O prefeito de Atlantic City, Marty Small, foi absolvido na quinta-feira de colocar em perigo e abusar de sua filha adolescente.
Os promotores acusaram Small de espancar a menina até deixá-la inconsciente e de causar abuso emocional pelo menos uma vez entre as idades de 15 e 16 anos.
Poucas semanas antes do início do julgamento, Small foi eleito para um novo mandato de quatro anos no reduto democrata, derrotando o seu adversário republicano por 24 por cento.
O veredicto do júri veio depois de uma semana de depoimentos em que a filha de Small, agora com 17 anos, testemunhou sobre vários incidentes nos quais ela disse que seu pai abusou dela e disse aos jurados que ele a espancou, socou e bateu nela com uma vassoura. Enquanto isso, o júnior tomou posição para negar qualquer abuso, insistindo que é um pai amoroso.
Sua esposa, La’Quetta Small, superintendente de uma escola de férias em Seaside, também é acusada de abusar da filha e será julgada separadamente.
Fora do tribunal na tarde de quinta-feira, Small disse aos repórteres que o veredicto foi “uma vitória para todos” e disse que toda a cidade de Atlantic City estava em julgamento.
“Não sou um homem abusivo, nunca fui e nunca serei”, disse ele, acrescentando que ele e sua esposa foram “arrastados na lama por bobagens”.
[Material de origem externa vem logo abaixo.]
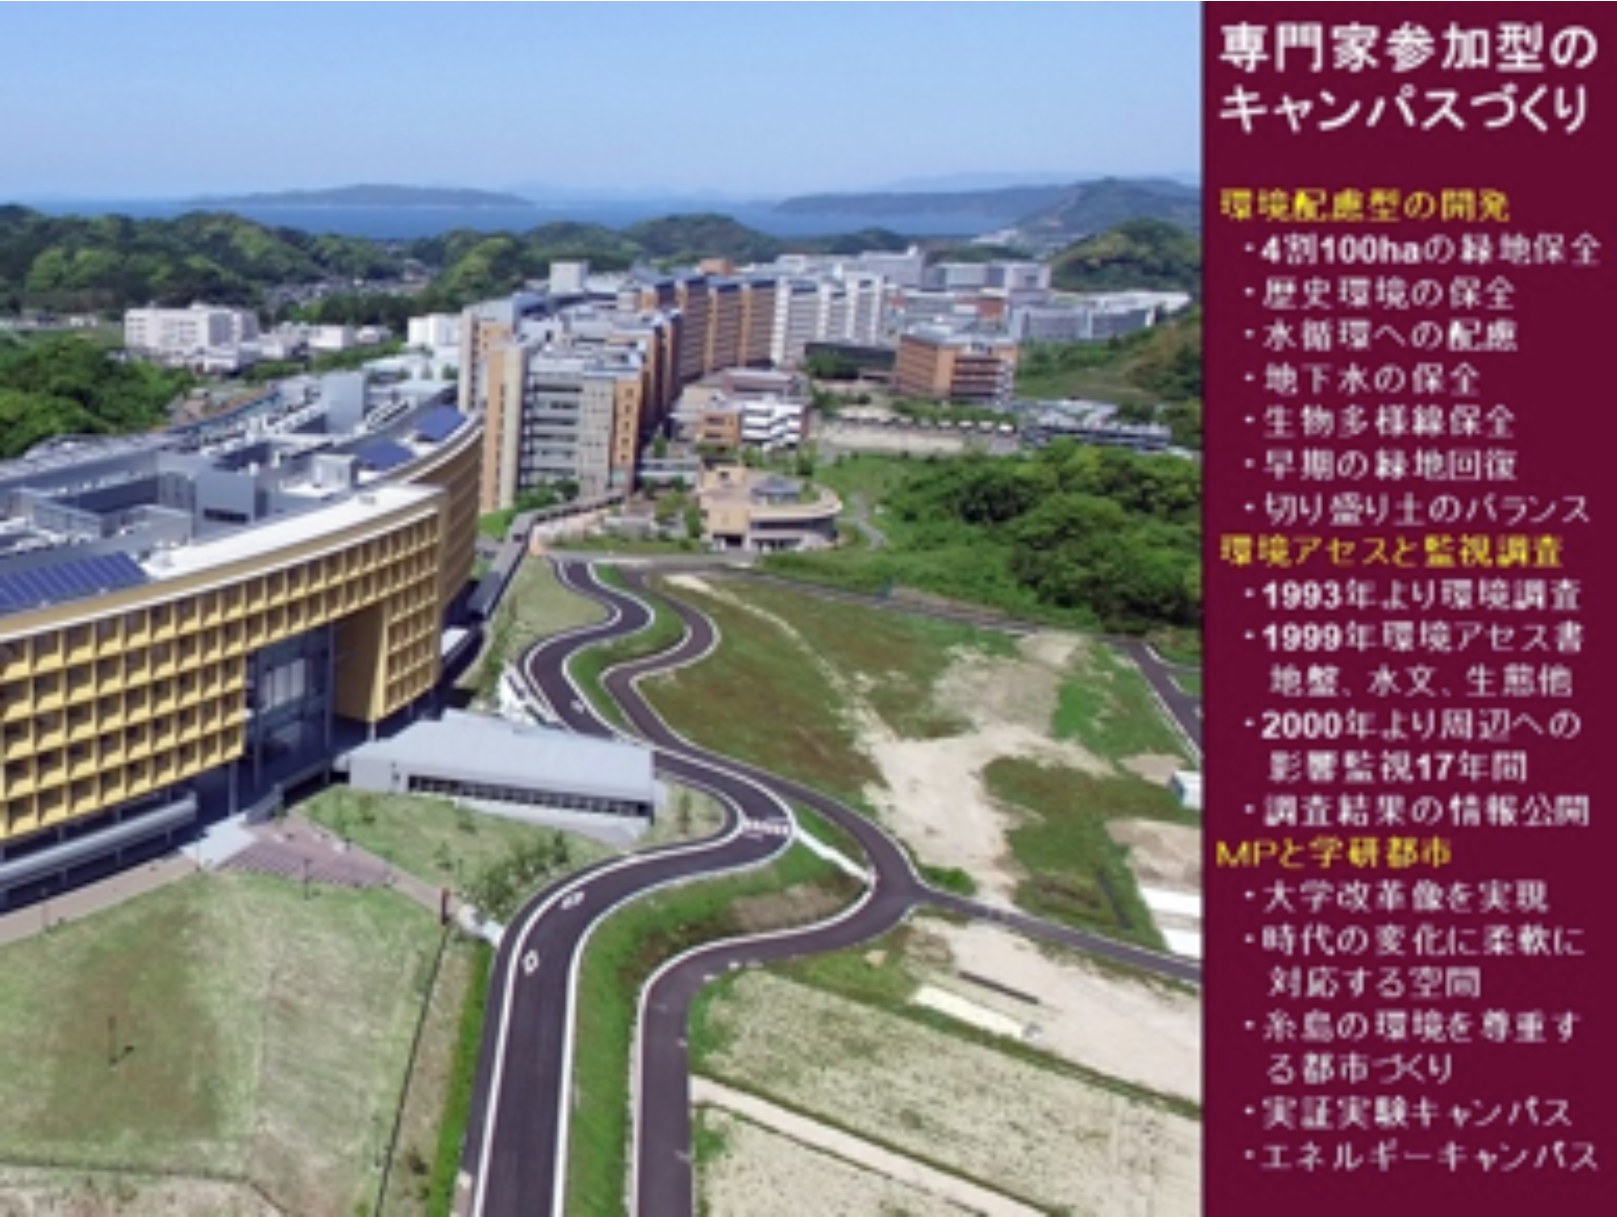 「九州大学の新キャンパスとまちづくり」スライド

Small continuou, dizendo que sua filha está “perdida agora”, mas ela espera reconstruir o relacionamento deles.
Mensagens telefônicas e de e-mail deixadas para uma porta-voz do Ministério Público não foram imediatamente devolvidas na tarde de quinta-feira.
Os promotores acusaram Marty Small de implorar à filha que retirasse suas acusações às autoridades sobre seu abuso. Segundo os promotores, o júnior de 51 anos pediu à menina que lhe fizesse um favor e “mudasse” a história que contou à polícia sobre o abuso.
Ele também foi acusado de exigir que sua filha admitisse que seus ferimentos na cabeça em janeiro de 2024 foram causados por um escorregão e uma queda em seu quarto.
A menina disse aos jurados que isso realmente aconteceu depois que ela disse ao pai que não queria participar de um evento na cidade e apontou que não havia arrumado o cabelo. Seguiu-se uma discussão e a menina disse que depois de empurrá-la, molhou Small com detergente, pegou uma vassoura e bateu várias vezes nela, fazendo-a desmaiar.
O advogado de Small, Louis Barbone, argumentou durante o interrogatório da menina que havia inconsistências em suas declarações às autoridades e contestou seu relato sobre o incidente da vassoura. Ele disse que os promotores não tinham registro do incidente com a vassoura e disse que a menina estava manuseando uma faca de manteiga. Barbon disse que os ferimentos do adolescente ocorreram quando ele caiu enquanto os dois brigavam por uma vassoura.
Barbon disse que a adolescente estava exagerando seus ferimentos, observando que ela disse aos investigadores que se sentia segura em casa quando a interrogaram inicialmente. O advogado descreveu Small como um pai atencioso e preocupado com sua filha, que puniu legalmente seu filho desobediente.
Durante seu depoimento, Small negou ter feito mal a seu filho.
Os promotores disseram que os Smalls se ressentiam do namorado de sua filha, que secretamente usou um chat de vídeo para registrar um suposto caso de abuso físico e verbal contra a menina. Marty Small classificou a situação como um assunto familiar privado que não chegou ao nível de crime.
La’Quetta Small, 49 anos, será indiciado em 12 de janeiro. Ele se declarou inocente e afirma sua inocência.
Constance Days-Chapman, diretora da Atlantic City High School, também é acusada no caso. Os promotores disseram que ela não relatou o suposto abuso do adolescente ao Departamento estadual de Serviços de Proteção à Criança. Ele também se declarou inocente.